Print out the full material below, exact in every line, with no images included.

- _Input data_:
- Opening Delimiter -

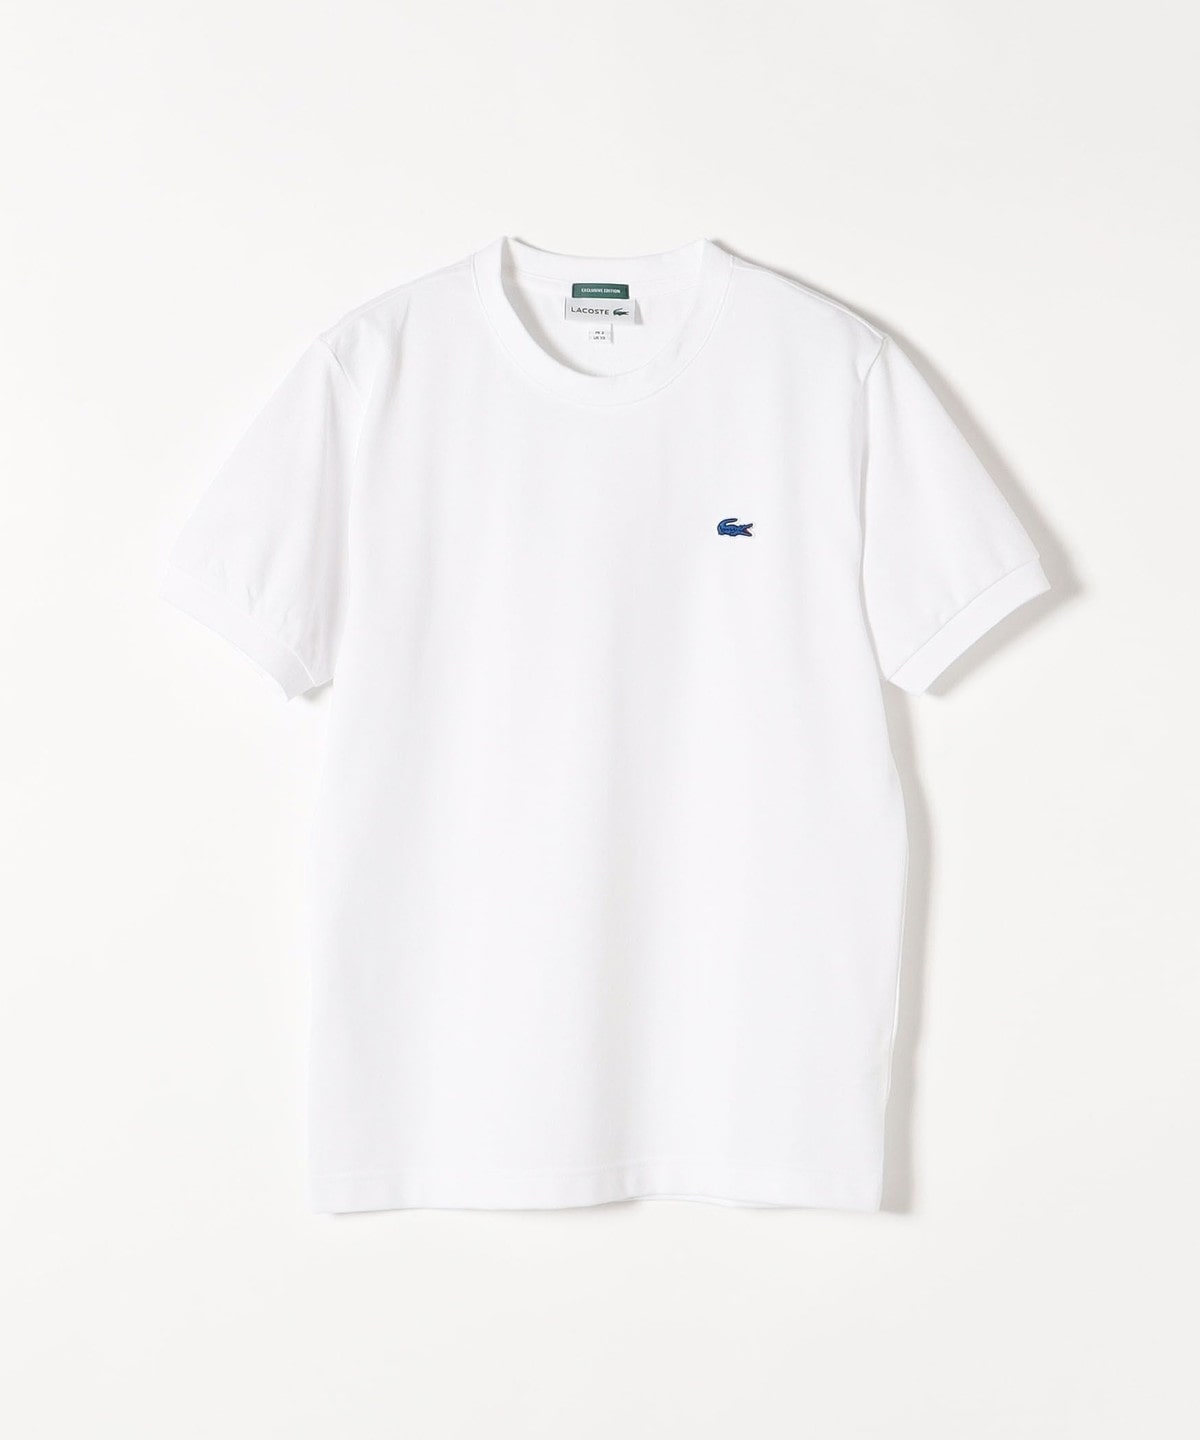 SHIPS any別注】LACOSTE: PIQUE クルーネック Tシャツ 23SS: Tシャツ 
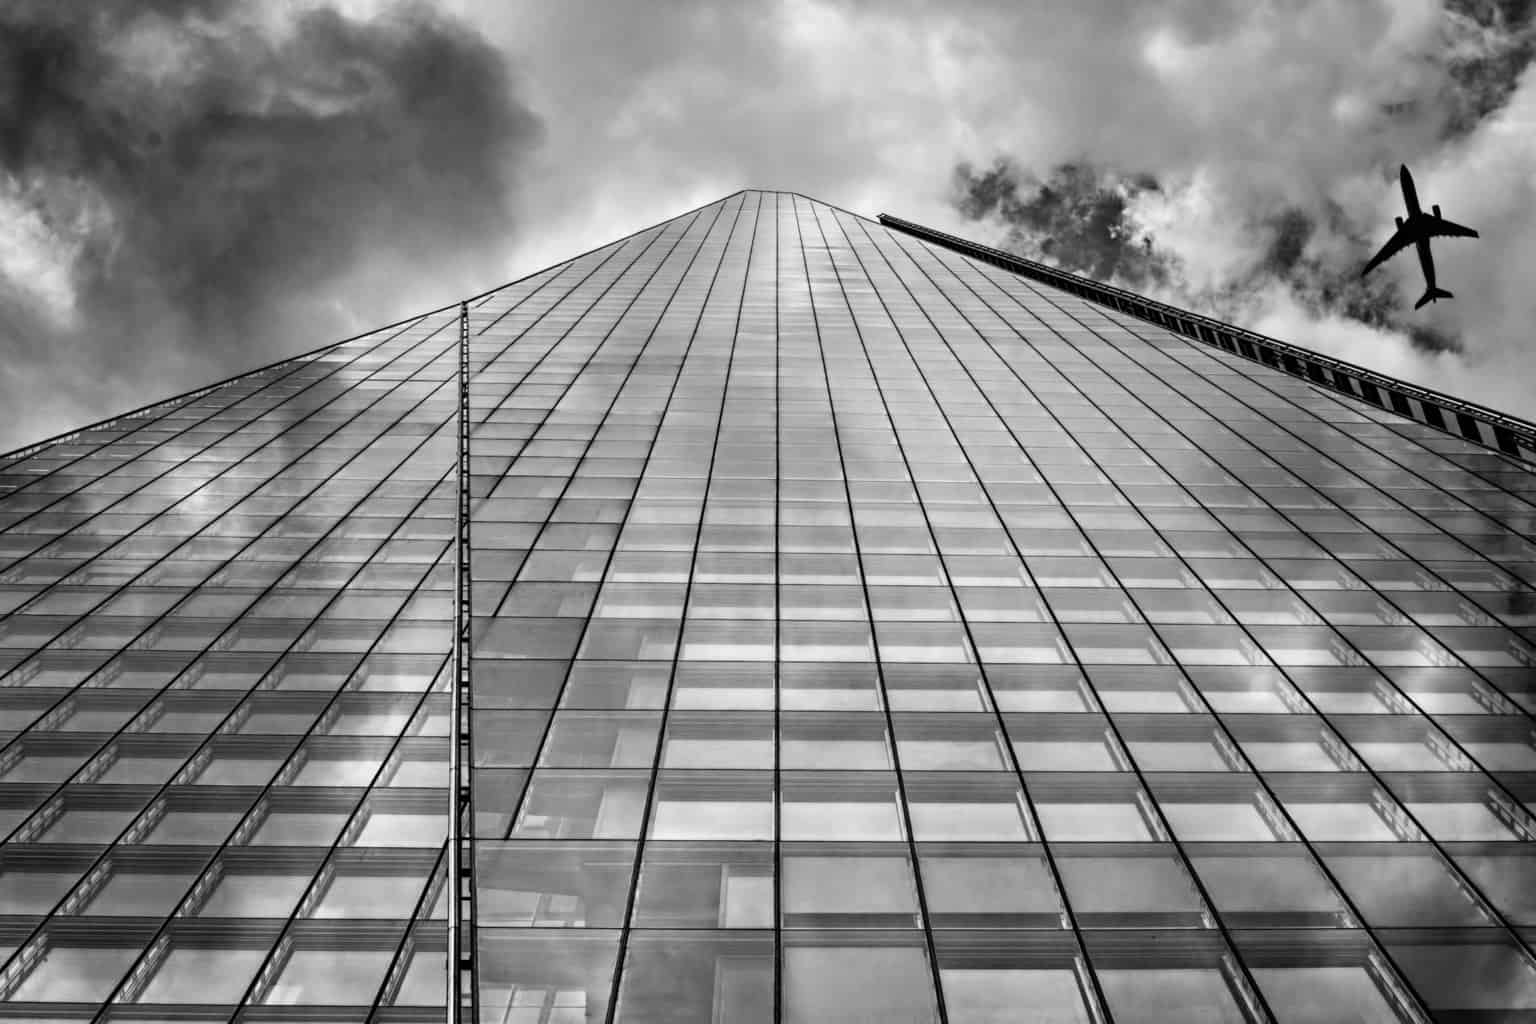  The Shard, London by Rick McEvoy architectural photographer   
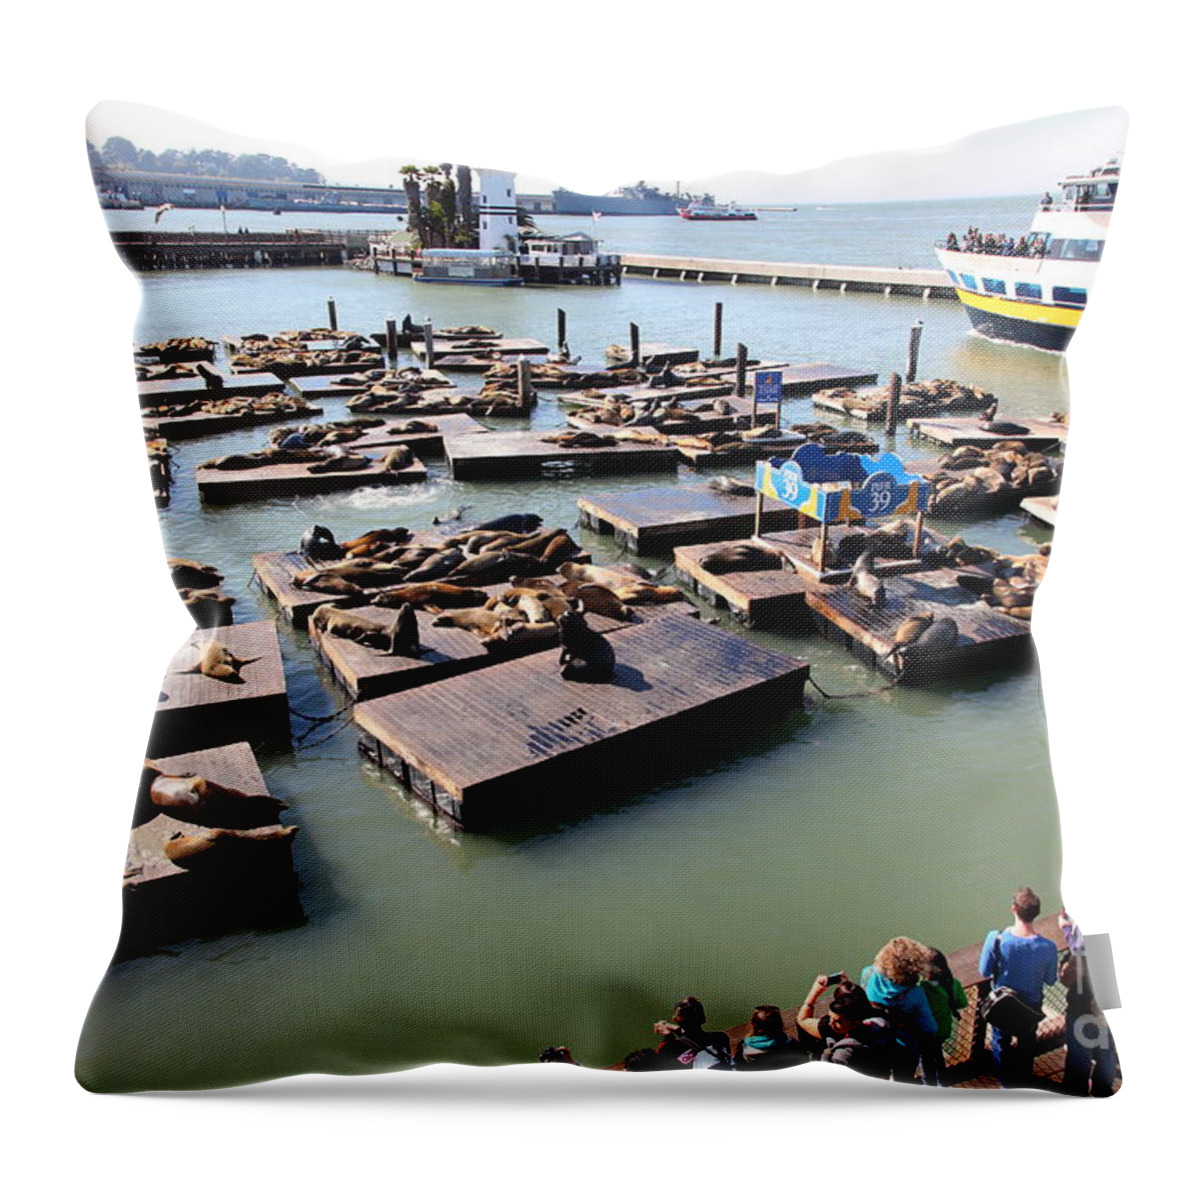 San Francisco Throw Pillow featuring the photograph San Francisco Pier 39 Sea Lions 5D26116 by Wingsdomain Art and Photography

- Closing Delimiter -

- _Exercise response_:
 SHIPS any別注】LACOSTE: PIQUE クルーネック Tシャツ 23SS: Tシャツ 
  The Shard, London by Rick McEvoy architectural photographer   
 San Francisco Throw Pillow featuring the photograph San Francisco Pier 39 Sea Lions 5D26116 by Wingsdomain Art and Photography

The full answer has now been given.